Friday, August 23, 2019

Good, Better, Best

Ask the CFP


“I’m not confused, I’m just well mixed.”

~ Robert Frost


Question: With current market activity, is it time to review my portfolio?

Answer: The unequivocal answer is yes. Here’s a personal example of why periodic monitoring is important. Until recently, our home decor was a mix of “contemporary cocker spaniel” and “early grandkids.” The kids are no longer toddlers and the dog is well past puppy stage. External circumstances changed and it was time to respond. We enlisted the help of a professional, choosing to work with a woman who understands our lifestyle and priorities. Establishing this sort of relationship was a little scary and made me think of how our clients may feel when they begin working with us.

The first meeting focused on what we liked and disliked, our expectations, fees, future meetings, and what we needed to do before she could work her magic. Then we reviewed the process and reaffirmed our commitment. At this point, I briefly reconsidered and thought, “Hey, things aren’t really that bad” and “we can wait until fall to tackle this.” Knowing that we truly required professional assistance we took the plunge and are thrilled with the results.

Just like changes in life lead to changes in living environments, changes in the overall economy, the market, and your financial situation are reasons to reassess and reprioritize your goals. In the home décor example, it was time to replace the crib with a trundle bed. Trends change. Much of our décor was outdated and not particularly functional. Adaptation to style changes wasn’t a priority. Similarly, technological changes, interest rate levels and tax rates affect the economy. Is it time to examine and reevaluate your portfolio to keep up with changes in your life? Do your investments match your current risk tolerance level?

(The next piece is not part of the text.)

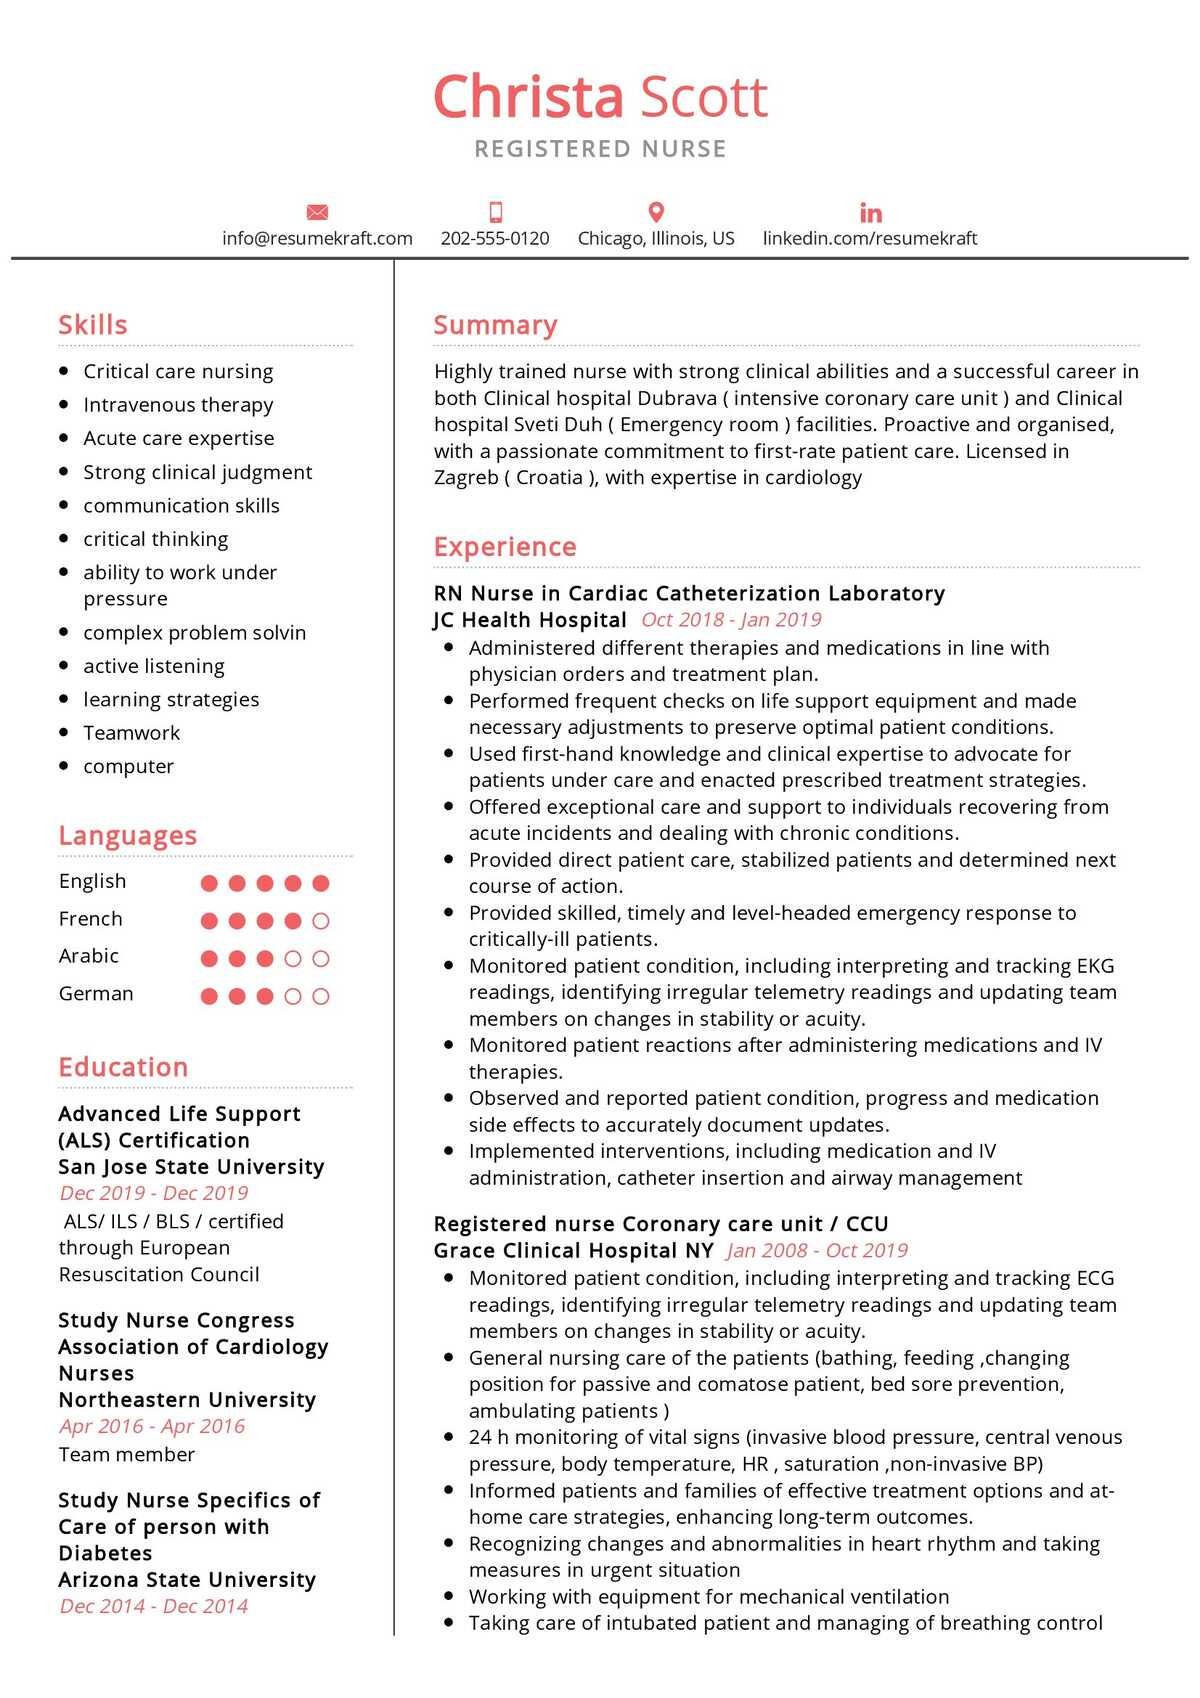 Operating Room Registered Nurse Resume Sample Registered Nurse Resume Example 2021 Writing Guide – Resumekraft

In July 2013 the Bureau of Economic Analysis, the agency tasked with calculating our national GDP, changed how this data is measured. Gross Domestic Product (GDP) is the annual market value of all goods and services produced domestically by the U.S. The revised accounting structure gives more weight to intangible property (IP) and intellectual assets of companies which better reflect our evolving economy. Stock markets react to these modifications, financial data, economic news, and government policy, all which affect your portfolio.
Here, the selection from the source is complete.